*** DATA SUPPLIED

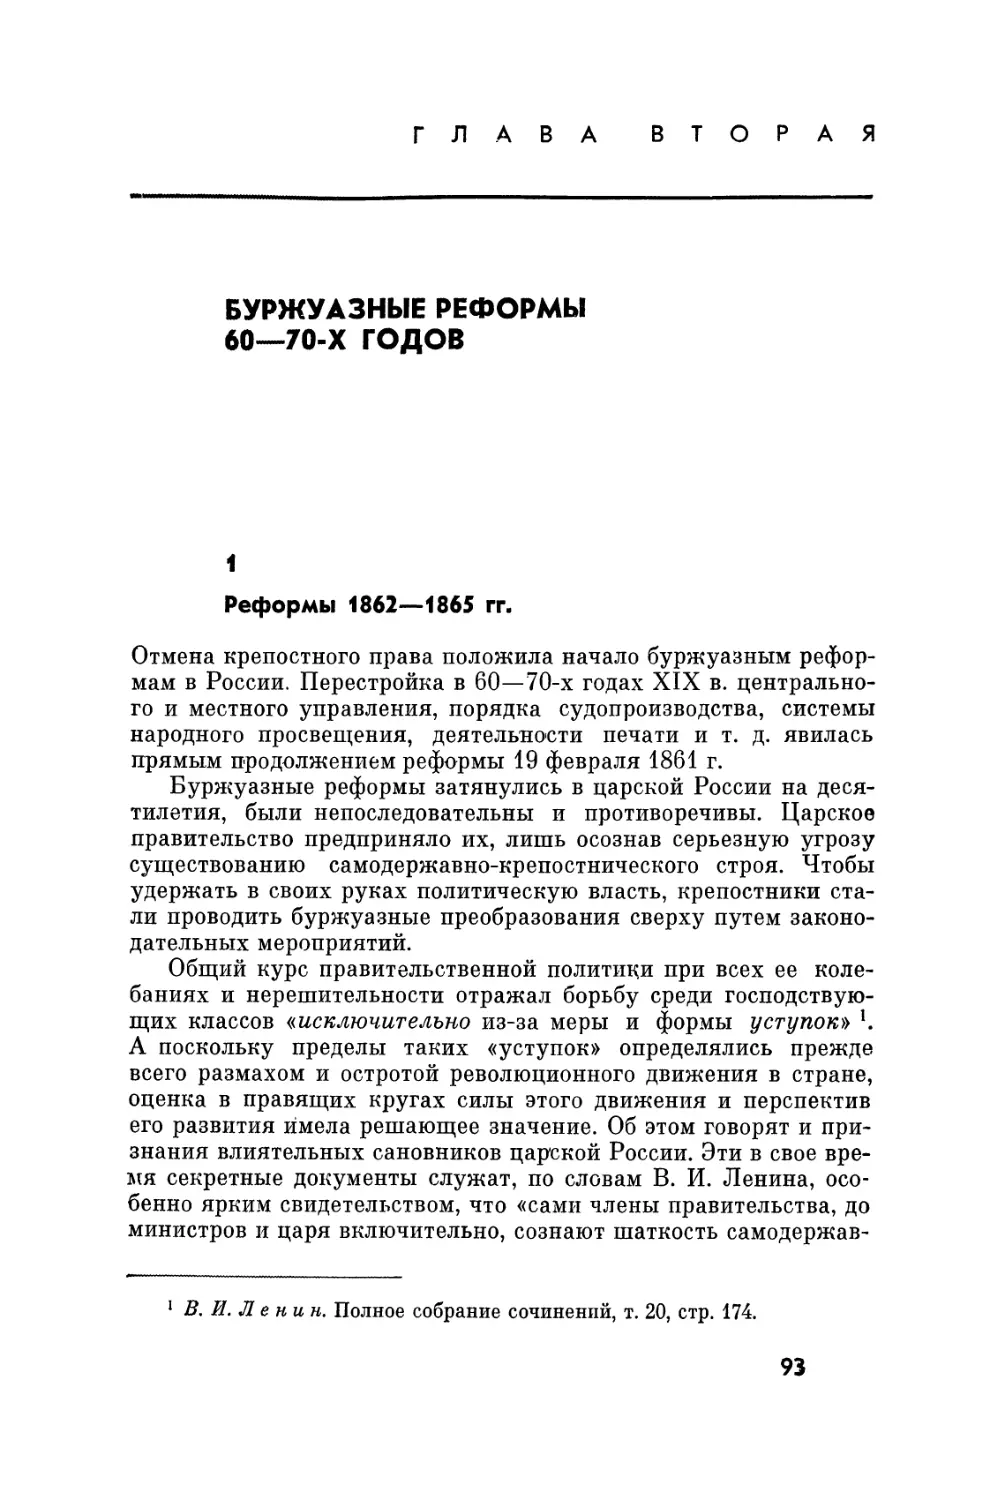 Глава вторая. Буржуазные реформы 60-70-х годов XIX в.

******
*** DATA SUPPLIED

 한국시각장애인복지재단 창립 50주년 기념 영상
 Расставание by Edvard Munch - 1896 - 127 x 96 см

******
*** DATA SUPPLIED

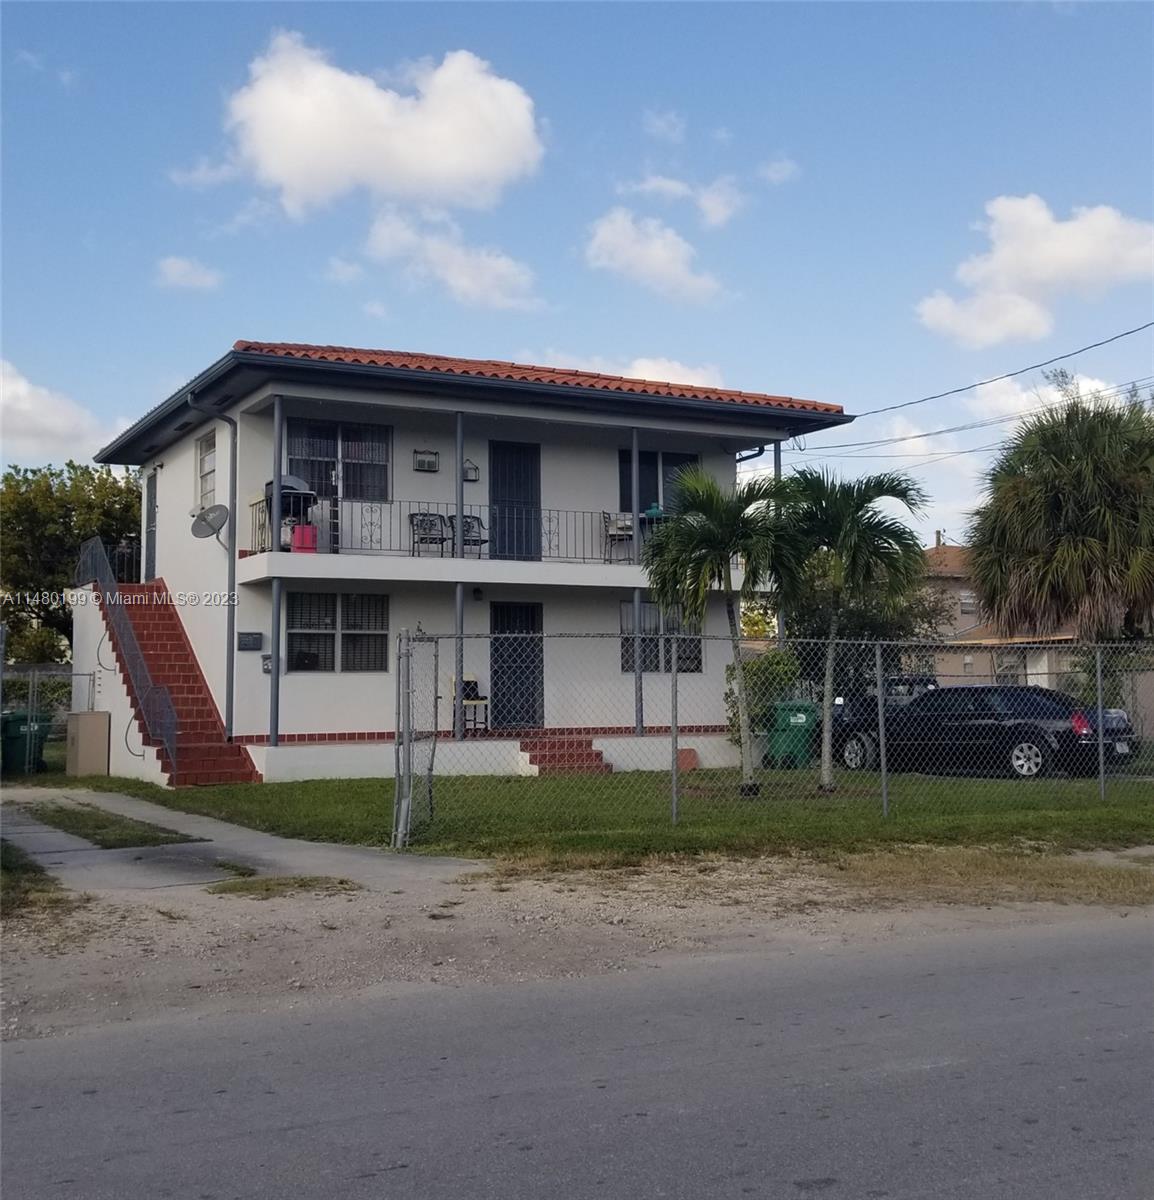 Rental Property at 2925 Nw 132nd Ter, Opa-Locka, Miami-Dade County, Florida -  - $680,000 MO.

******

WHAT IS NEEDED
Reproduce exactly the entries above, limited to the lines from the one with "한국시각장애인복지재단 창립 50주년 기념 영상" through the one with "Расставание by Edvard", both included.

WRITTEN RESPONSE
 한국시각장애인복지재단 창립 50주년 기념 영상
 Расставание by Edvard Munch - 1896 - 127 x 96 см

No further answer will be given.